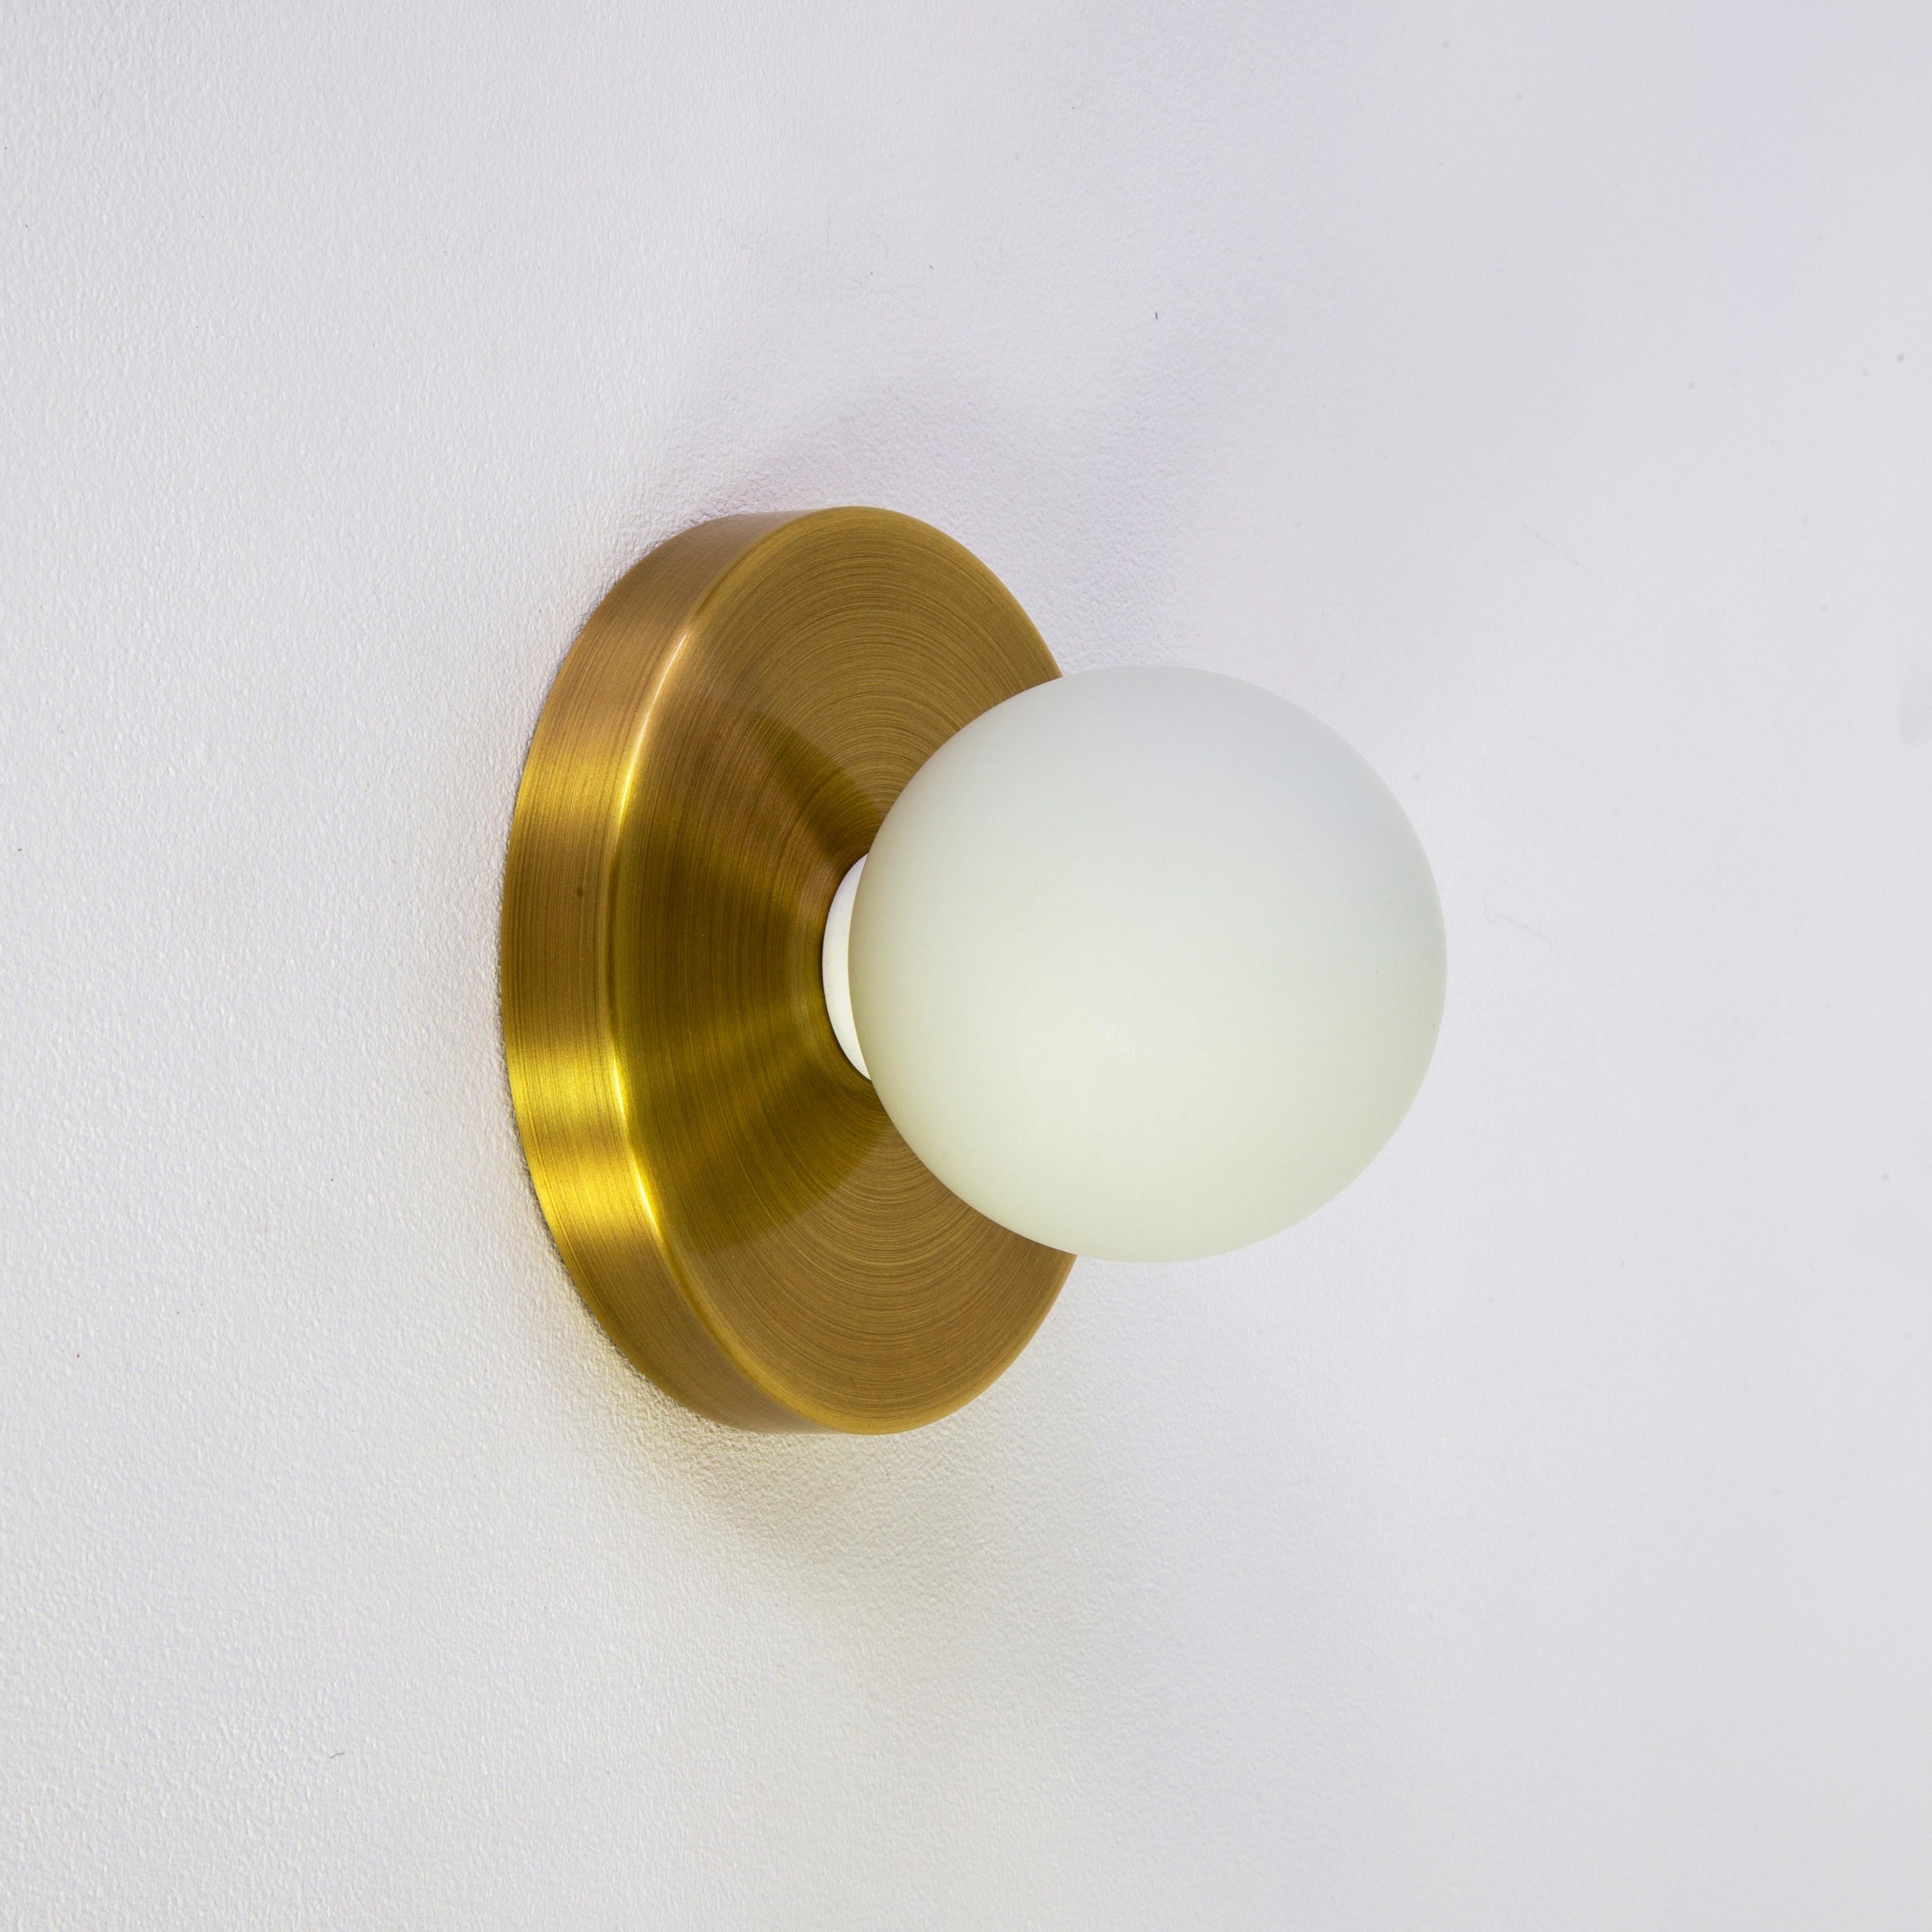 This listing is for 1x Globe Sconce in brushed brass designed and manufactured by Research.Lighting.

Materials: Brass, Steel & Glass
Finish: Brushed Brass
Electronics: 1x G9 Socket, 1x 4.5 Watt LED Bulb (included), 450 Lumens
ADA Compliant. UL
★ ★ ★
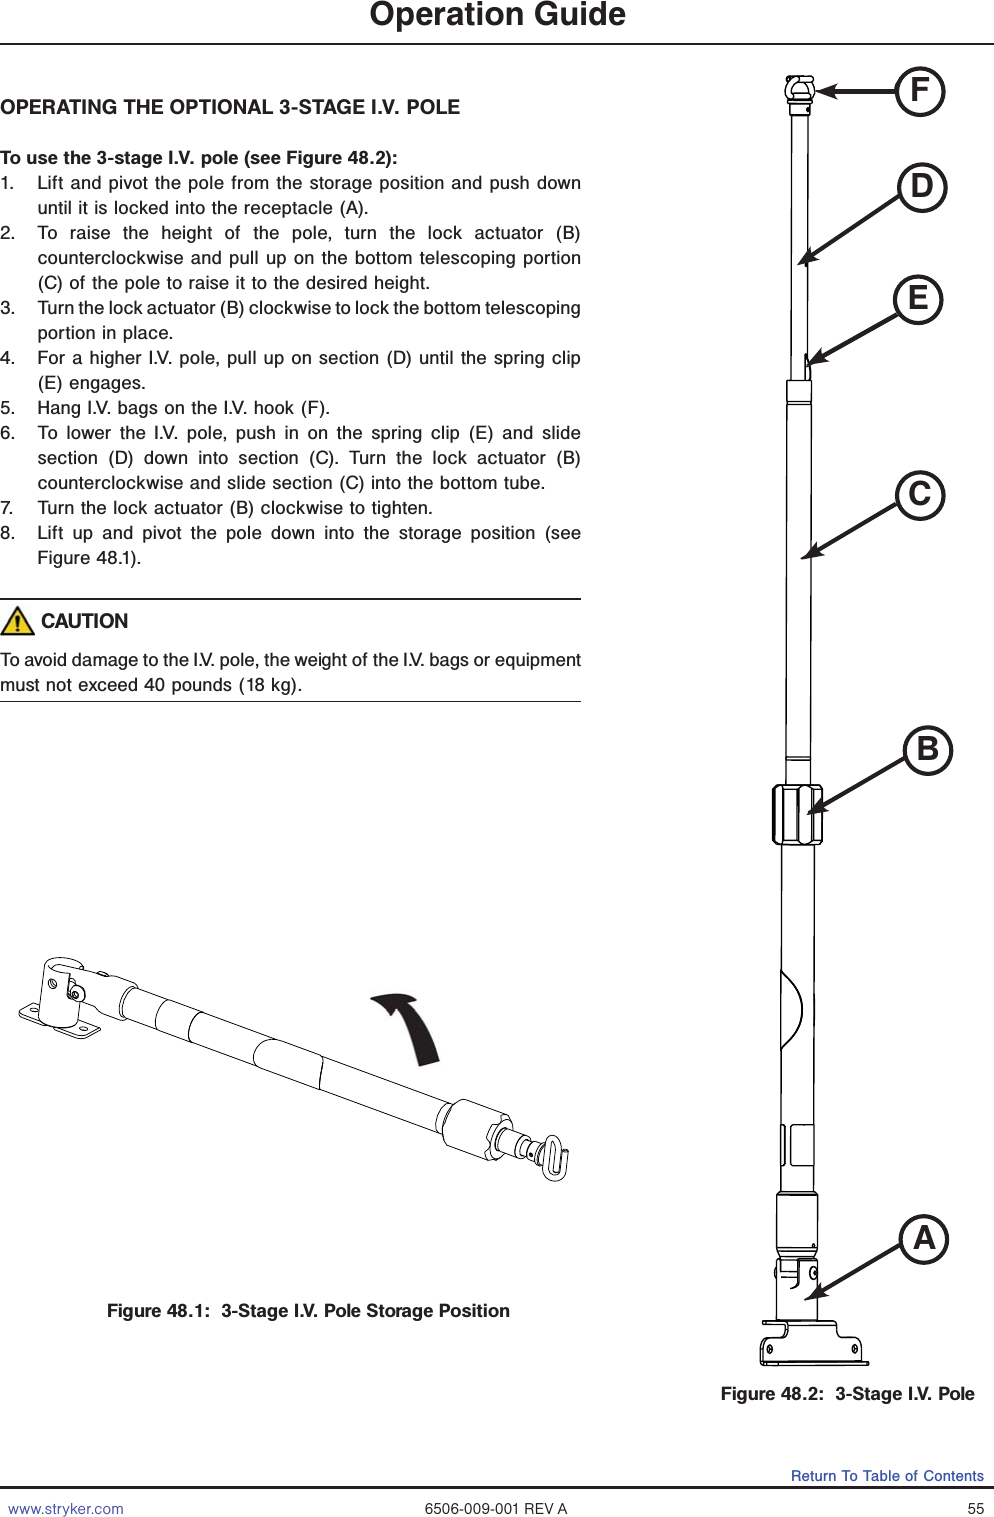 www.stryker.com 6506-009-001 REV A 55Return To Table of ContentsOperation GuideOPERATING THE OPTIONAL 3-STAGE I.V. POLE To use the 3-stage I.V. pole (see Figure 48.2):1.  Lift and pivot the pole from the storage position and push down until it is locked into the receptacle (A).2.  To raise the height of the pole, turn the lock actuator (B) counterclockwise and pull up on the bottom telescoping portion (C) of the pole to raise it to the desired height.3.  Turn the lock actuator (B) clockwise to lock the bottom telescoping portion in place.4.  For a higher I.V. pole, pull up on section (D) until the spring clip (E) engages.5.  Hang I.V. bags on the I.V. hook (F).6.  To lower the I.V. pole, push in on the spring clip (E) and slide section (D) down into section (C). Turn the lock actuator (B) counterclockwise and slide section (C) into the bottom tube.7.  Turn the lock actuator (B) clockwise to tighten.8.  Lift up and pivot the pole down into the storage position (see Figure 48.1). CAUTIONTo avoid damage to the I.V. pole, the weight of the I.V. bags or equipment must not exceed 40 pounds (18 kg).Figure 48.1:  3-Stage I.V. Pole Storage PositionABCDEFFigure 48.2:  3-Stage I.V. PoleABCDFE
★ ★ ★
▶ _Exercise prompt_
Using the data above, copy exactly the lines from the one containing "This listing is" to the one containing "ADA Compliant. UL", inclusive. Exclude the pictures.

▶ _Response to this task_
 This listing is for 1x Globe Sconce in brushed brass designed and manufactured by Research.Lighting.

Materials: Brass, Steel & Glass
Finish: Brushed Brass
Electronics: 1x G9 Socket, 1x 4.5 Watt LED Bulb (included), 450 Lumens
ADA Compliant. UL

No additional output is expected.